Many art lecturer jobs involve teaching college classes. In some cases, these positions may be held by tenure-track faculty who hold graduate degrees in art or art history. Such jobs generally involve a mixture of lecturing, academic publication, and artistic production. These positions are generally very competitive, as colleges and universities have gradually reduced the number of tenured faculty members on their payrolls.

A second tier of art lecturer jobs in the academic world are held by contingent faculty. These faculty members are not on a tenure track, either because they are unable to locate such positions or because they work primarily as artists, and lecture on the side. This type of position is very common at community colleges, and some art schools rely heavily on such lecturers as well, both because they are less expensive than traditional faculty and because they have strong connections to the artistic community.

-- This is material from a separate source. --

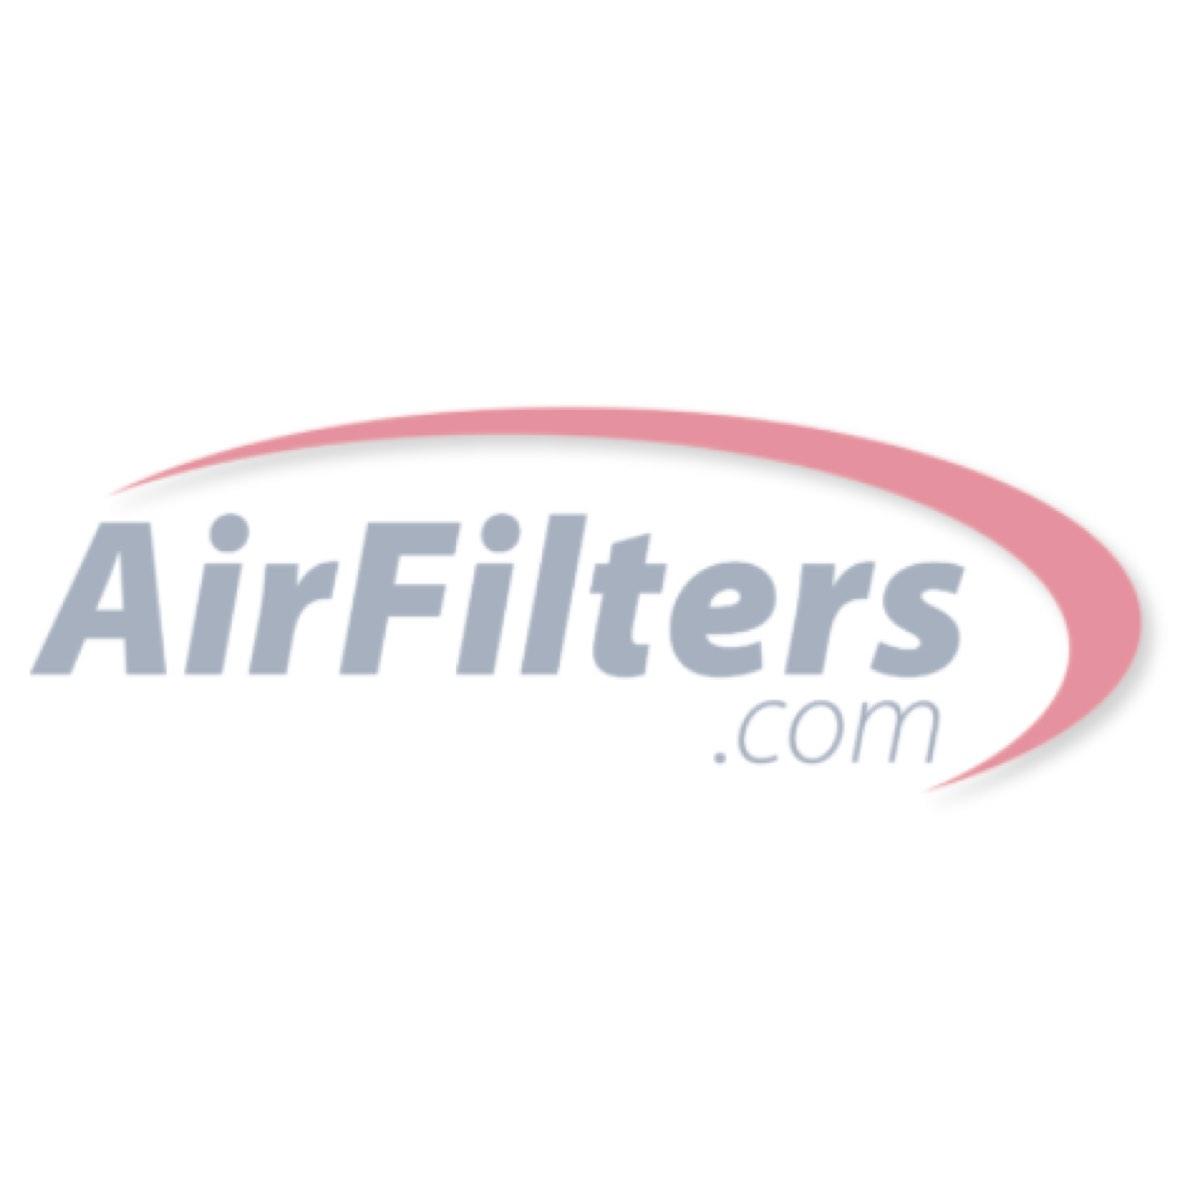 20x24.25x5 (19.75x24.25x4.75) Purolator Furnace Filters by Accumulair®

Other art lecturer jobs are affiliated primarily with specific art museums or similar cultural institutions. Major art museums often offer lecture series for interested members of the public. In some cases, these series are presented by faculty members of associated universities, but in other cases museums make their own arrangements, and may have either dedicated lecturers on staff or employees who give lectures as part of their ordinary job duties. Famous art critics are often invited to participate in special lecture series as well.

Smaller community groups also provide some number of art lecturer jobs. Community centers often offer informal classes on subjects related to art. The lecturers who present such talks may be compensated, but it is not uncommon to find a volunteer lecturer leading presentations at smaller community centers.

Other art lecturers are employed to provide art education to specific target audiences. Some nations, for example, offer art education to some prison inmates. Such education is intended to be personally enriching and also to allow inmates to develop connections to society and better coping and management skills.